According to the statement, Trump declassified 21 pages of the 101-page June
2017 application to renew a warrant obtained under the Foreign Intelligence
Surveillance Act, or FISA, to monitor the communications of former Trump
campaign adviser Carter Page in 2016.
Those pages only make up a small part of the 412 pages of FISA applications
and court orders related to Page released by the FBI earlier this year in
heavily redacted format.
The June 2017 application was the last of four filed by the Justice
Department in support of FISA court orders allowing the monitoring of Page. His
communications were monitored for nearly a year starting in October 2016.
According to the redacted version, three of the declassified pages involve
information included in a section titled "The Russian Government's Coordinated
Efforts to Influence the 2016 U.S. Presidential Election." That section
includes reference to potential coordination between people associated with
Trump's campaign and the Russian election interference effort.
The other 18 pages appear to relate to information the government submitted
that came from ex-British spy Christopher Steele before the presidential
election. Steele was a longtime FBI informant whose Democratic-funded research
into Trump ties to Russia was compiled into a dossier that has become a
partisan lightning rod since its publication in January 2017.

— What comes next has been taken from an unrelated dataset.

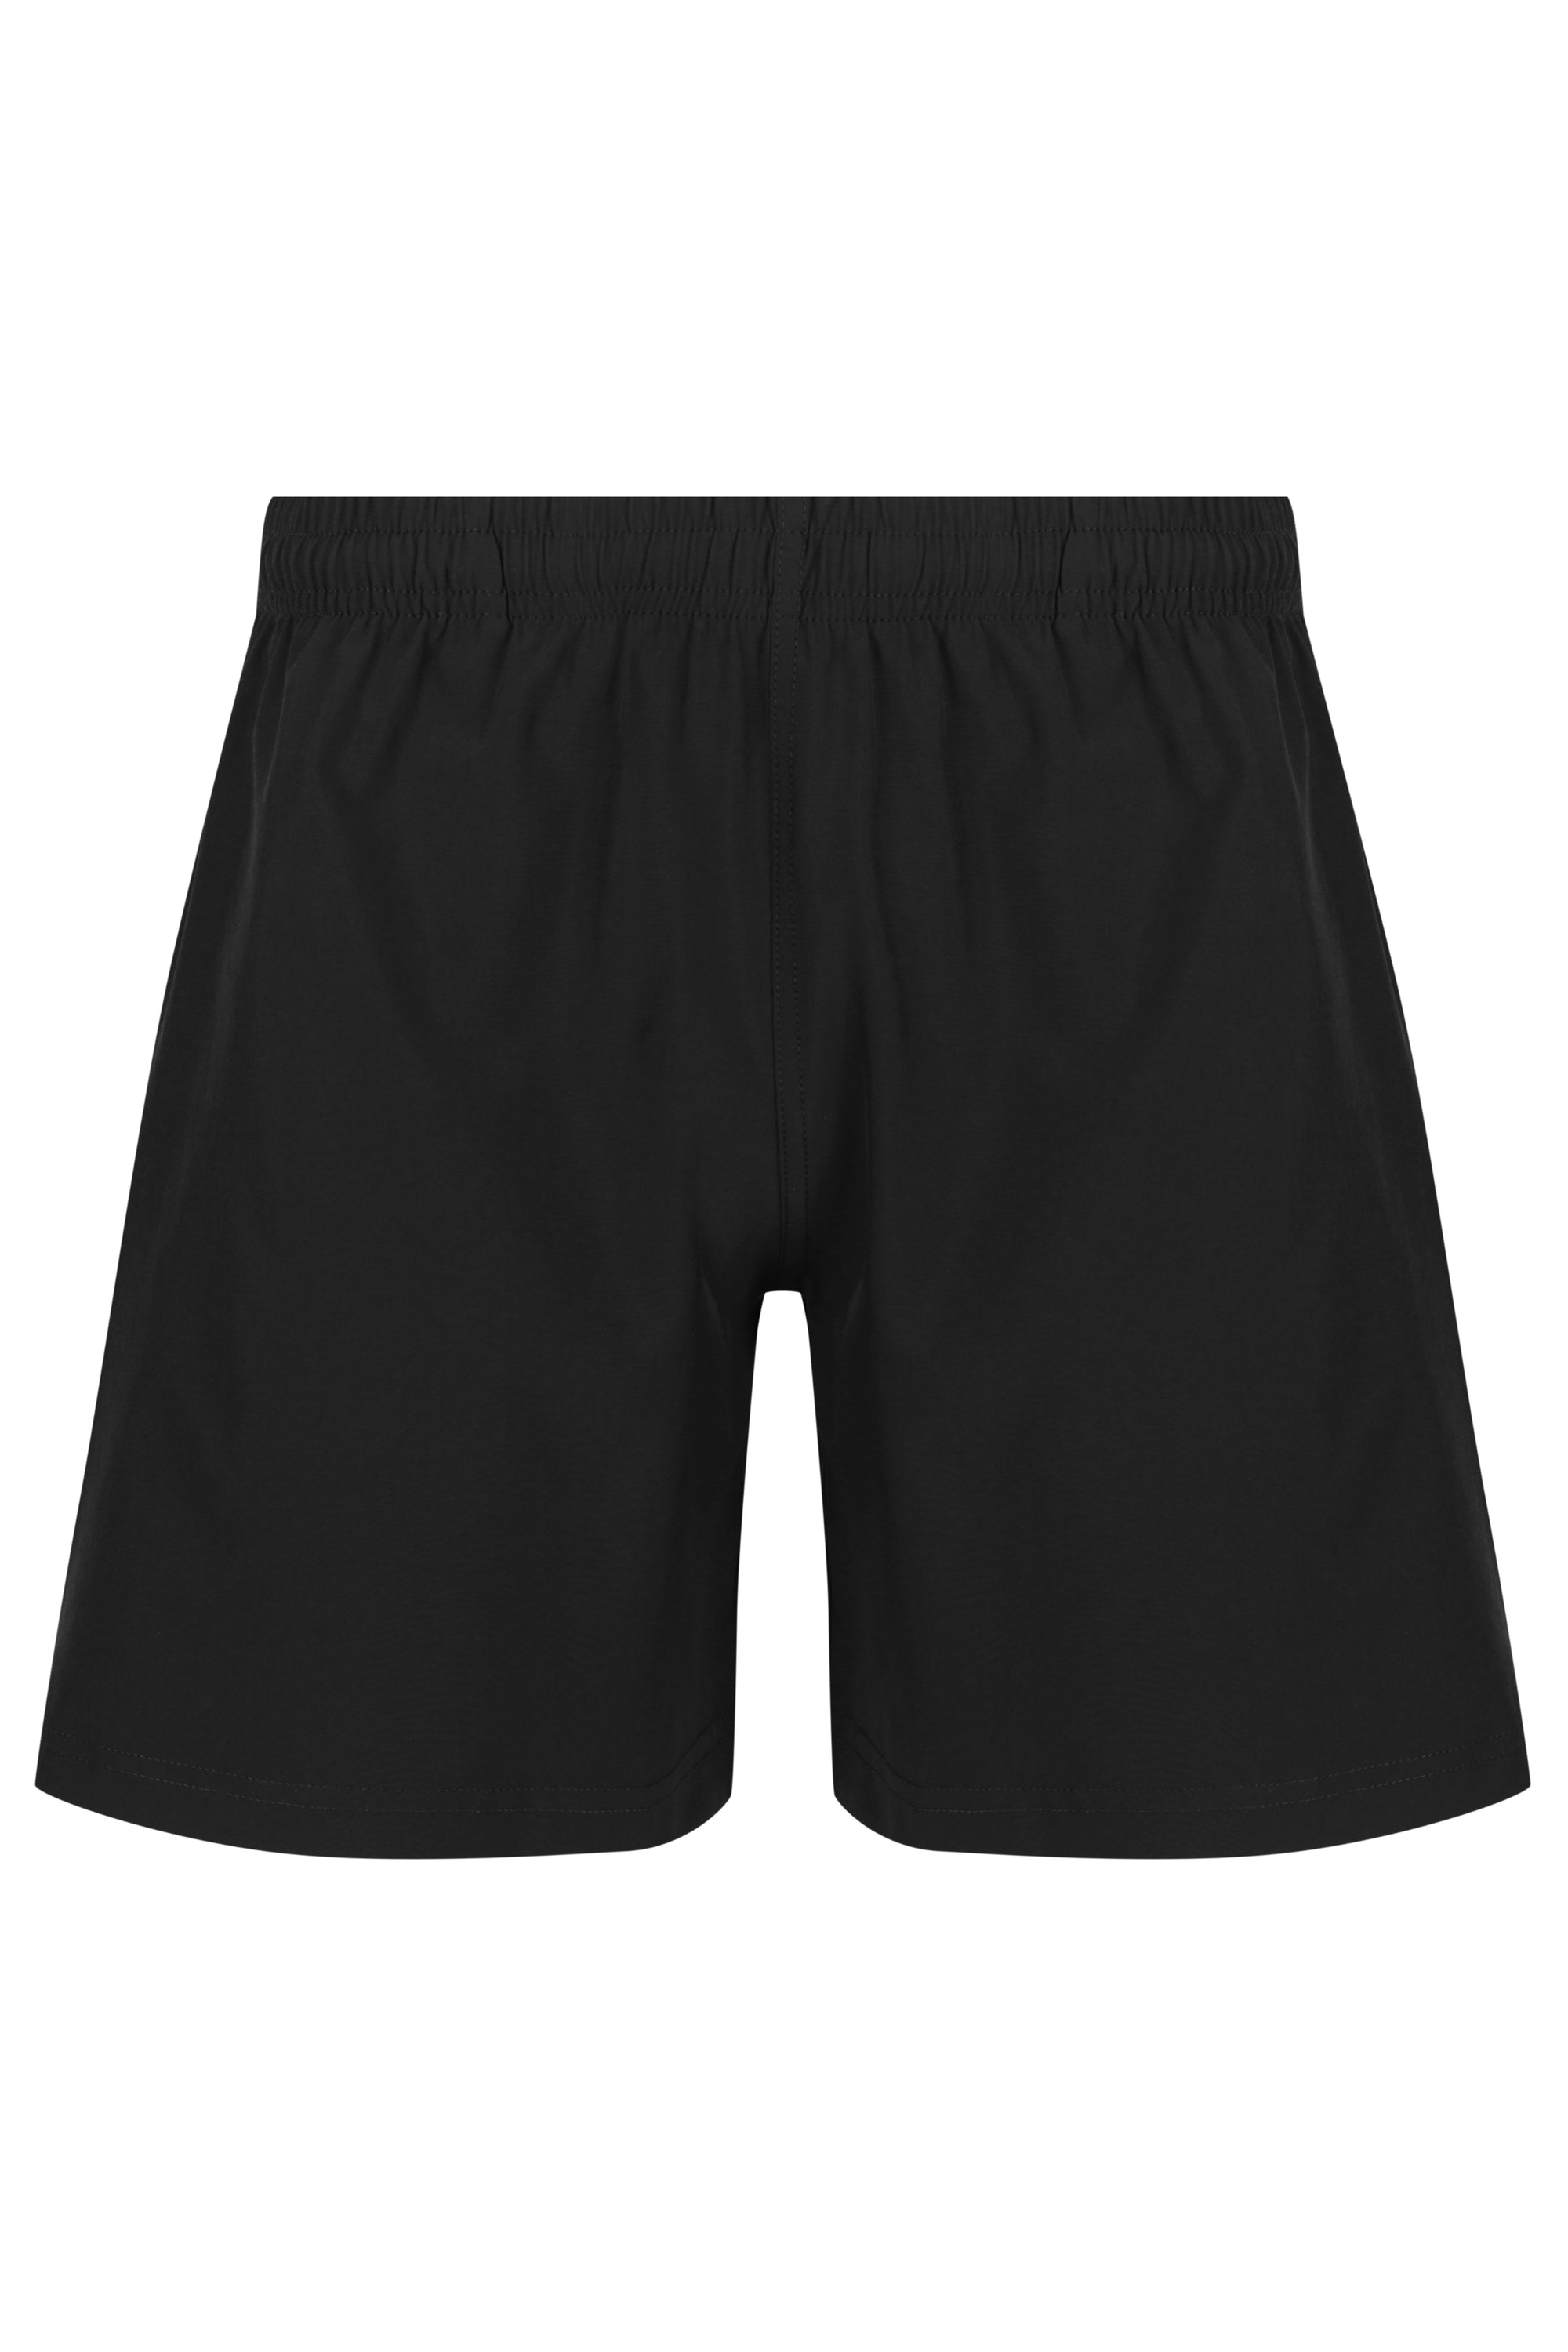 Mens Work School Shorts - Black

In addition to the FISA applications pages, the president is declassifying
all FBI reports documenting interviews in connection with the Page surveillance
warrant as well as those documenting interviews with senior Justice Department
official Bruce Ohr, who was in contact with Steele.
According to Sanders' statement, Trump also directed the Justice Department
to publicly release in full the text messages of Comey, Ohr, former acting FBI
Director Andrew McCabe, former FBI lawyer Lisa Page and former FBI special
agent Peter Strzok that are related to the Russia investigation.
The move comes after a small group of Republicans in Congress, all staunch
allies of Trump, held a news conference last week asking him to declassify the
documents. Democrats criticized the effort, saying the GOP lawmakers are trying
to discredit the Justice Department in an effort to protect Trump from
Trump made a similar move in February when the White House, over the
objections of the FBI and intelligence community, cleared the way for the
Republican-led House intelligence committee to release a partisan memo about
the surveillance warrant on Page. Democrats weeks later released their own memo.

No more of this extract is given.